“Priceless” – that’s how one attendee described our recent FCIA webcast, “Fibre Channel SAN Workloads.” Our expert presenters, Barry Maskas, Nishant Lodha and Mark Jones, provided some great insights on how Fibre Channel delivers on reliability and performance for application workloads. If you missed it, it’s available to watch on-demand. As promised during the live event, here are answers to the questions from the presentation:
Q: What is the best way to characterize the workload characteristics of a storage network?
A: It’s important to expect that SAN workload characteristics can be unique and random, the same workload in a different company can run differently. Utilize the analytic tools from your storage, switch and host computer to create a picture of what is going on. In some cases, third party analytic tools are also available. Look for patterns real-time and over time for latency, IOPs, throughput and IO size.
Q: NVMe over Fabrics seems to be a hot topic lately, what should I look for in our workloads to tell if it can help me?
A: NVMe over Fabrics is available to run over Fibre Channel today with a variety of vendors adding this feature. In general, NVMe over Fibre Channel can be characterized by lower latency, increased IOPs and more efficient use of CPU resources while maintaining the fabric visibility and management characteristics that most have come to value from Fibre Channel fabrics.
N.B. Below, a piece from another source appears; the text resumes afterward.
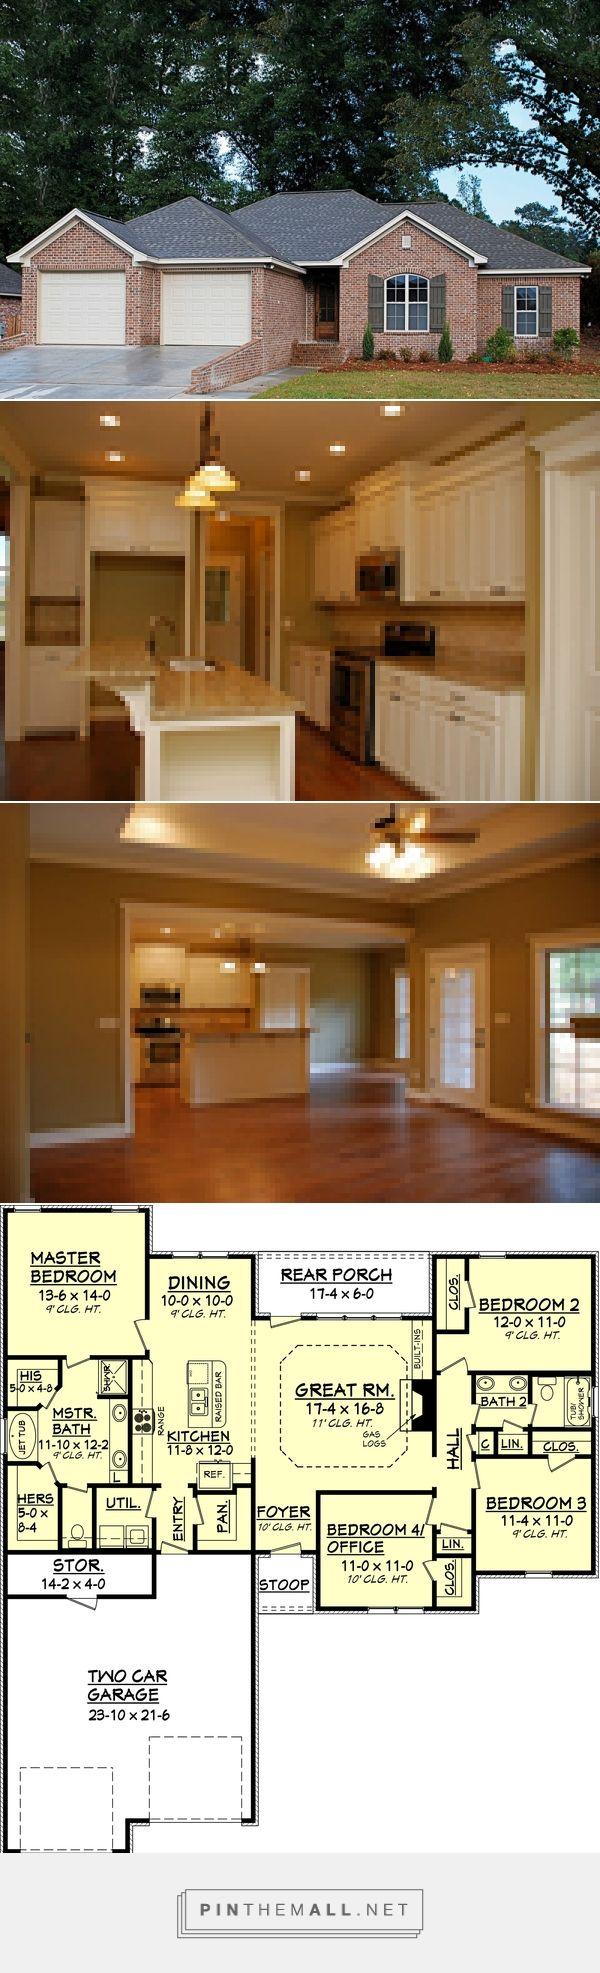 best floor plans images on pinterest floor plans architecture

If you’re looking for increased application performance, improved equipment efficiency and wish to maintain your current Fibre Channel fabric management procedures then this feature is worth looking into.
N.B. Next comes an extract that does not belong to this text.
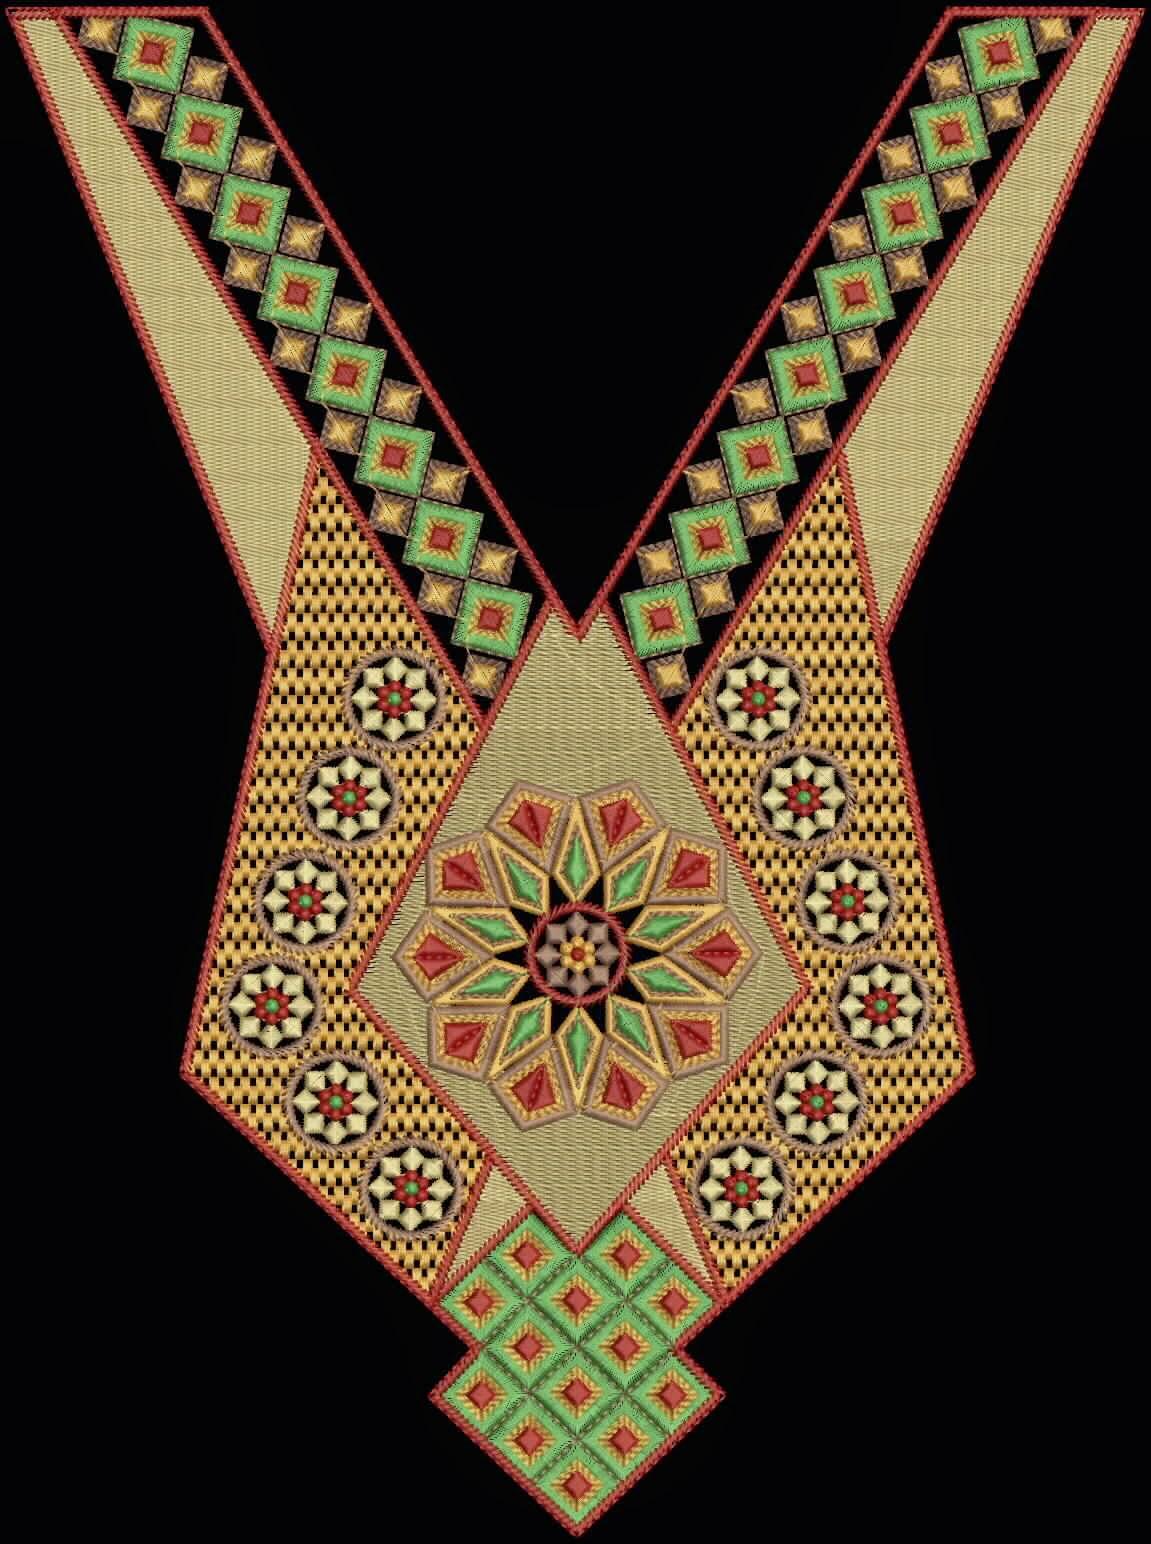 Pakistani Embroidery image

Q: Can we have name of the telemetry software which can be used for analyzing & profiling FC Fabric? is it vendor specific or generic?
A: In order to remain vendor neutral, we would recommend contacting your datacenter equipment vendor for this inquiry.
Q: Why does a Big Data vendor like Cloudera recommends 12 Gbps SAS connected to Direct Attached Storage Array instead of using Fibre Channel based shared storage?
A: We do not have a Cloudera representative here to confirm that this is their recommendation. The HDFS clustered file system used by Cloudera can use any block storage supported by the OS, including Fibre Channel connected devices.
Q: What type of applications are best suited for Fibre Channel use?
A: Applications that require particular characteristics: High and predictable performance, reliability, low latency, virtualization aware and high availability. Applications that match those characteristics are Enterprise databases, Big Data and dense virtualization servers.
Q: Why are Fabric Services important?
A: As your storage network grows the importance of knowing the identity of all the nodes and how they interact becomes critical. Only Fibre Channel has the concept of fabric services, the control plane that allows for centralized management and control of all nodes in the network. The Name Server contains the identity of all the nodes on the SAN, zoning is used for security and access control. This is important for the workloads to ensure ease of deployment, security and high availability.